Herpesviridae
The Herpesviridae family of viruses are enveloped, dsDNA viruses which generally establish a lytic infection that kills the cell upon release, as well as a latent infection for life-long persistence in the host. Historically, they were divided into alpha, beta and gamma herpesviruses based on biological characteristics, and more recently the classification was confirmed based on sequencing data. Broadly, Alphaherpesvirinae have a variable host range, relatively short replication cycle, and establish latent infections predominantly in neuronal cells. These includes HSV, and varicella-zoster virus (VZV), the causative agent of chickenpox. Betaherpesvirinae, such as HCMV, tend to have a more restricted host range and longer replication cycles, and establish latency in secretory glands, leukocytes, kidneys and other tissues. Gammaherpesvirinae include Epstein-Barr virus (EBV) and Kaposi sarcoma-associated herpesvirus (KSHV). These viruses are restricted to the family of their natural host, and usually to T or B lymphocytes, establishing latency in lymphoid tissues (Pellett & Roizman, 2013).
Impact of Human Cytomegalovirus
HCMV is a member of the betaherpesvirinae family. It is an ubiquitous pathogen, with a global seroprevalence of 83 %, with the highest seroprevalence in the WHO Eastern Mediterranean region (~90 %) and lowest in the WHO European region (~66 %) (Zuhair
et al, 2019). For most individuals, transmission occurs during childhood, with the virus
being acquired from contact with infected bodily secretions, and the infection is asymptomatic. However, reactivation during pregnancy may lead to transplacental transmission. Congenital HCMV infection can result in life-long sensorineural hearing loss, with ~10-15 % of babies infected showing symptoms, and others developing symptoms later on. Of the symptomatic infants, fatality is estimated to be between 4-30 % (Dollard et al, 2007). Initial infection with the virus during pregnancy increases the chance of transplacental transmission from ~1 % to around ~33 %, and is linked with severe disease (Kenneson & Cannon, 2007). Infection or reactivation is also damaging in immunocompromised individuals, particularly those undergoing organ transplants (Azevedo et al, 2015) or with acquired immunodeficiency disease syndrome (AIDS) (Emery, 2001).
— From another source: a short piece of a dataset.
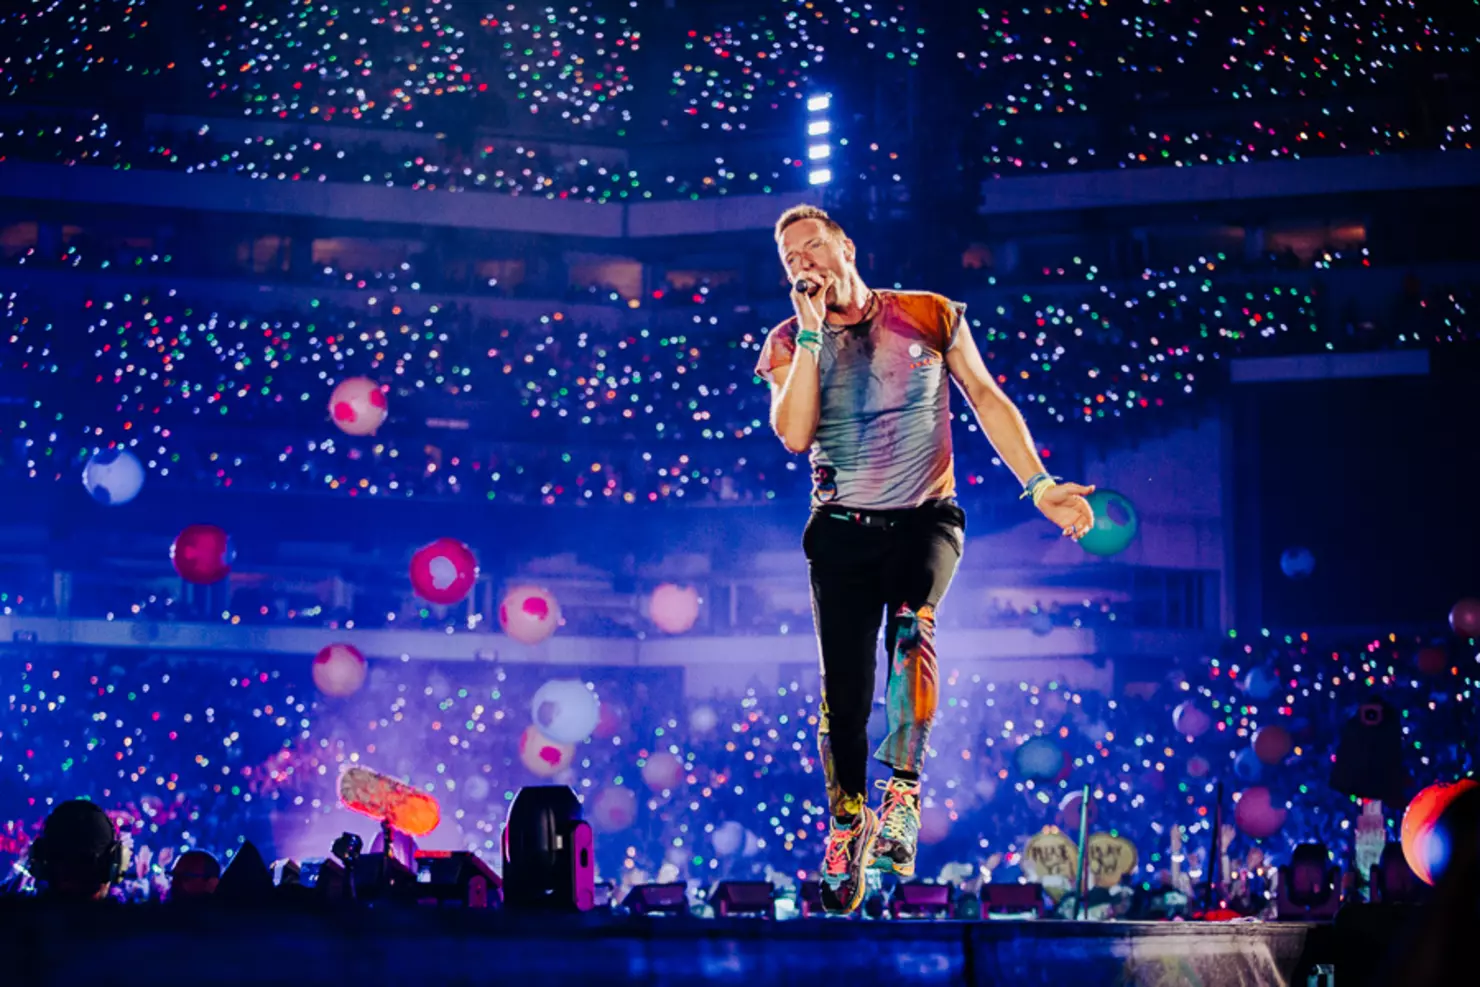 Jelang Konser Coldplay, Jam Operasional Transjakarta dan MRT Diperpanjang

Three drugs are currently available for treatment of symptomatic individuals, and pre- emptive therapy is sometimes employed where infection is the result of a medical intervention and can be predicted, such as organ transplants. These are all inhibitors of the viral polymerase ((val)Ganciclovir, Cidofovir and Foscarnet). There are a couple of other antivirals more commonly used for prophylaxis (Letermovir, Valacyclovir). However, these treatments have numerous side effects, such as leukopenia, renal dysfunction and ophthalmologic toxicity, as well as development of resistant viral infection. Additionally teratogenic effects have been observed in animals models so they are not recommended for use during pregnancy (Kotton, 2019; Malm & Engman, 2007). As HCMV is a leading cause of congenital disease, and due to the potential severity of infection, a vaccine, or improved antivirals, would therefore be highly desirable.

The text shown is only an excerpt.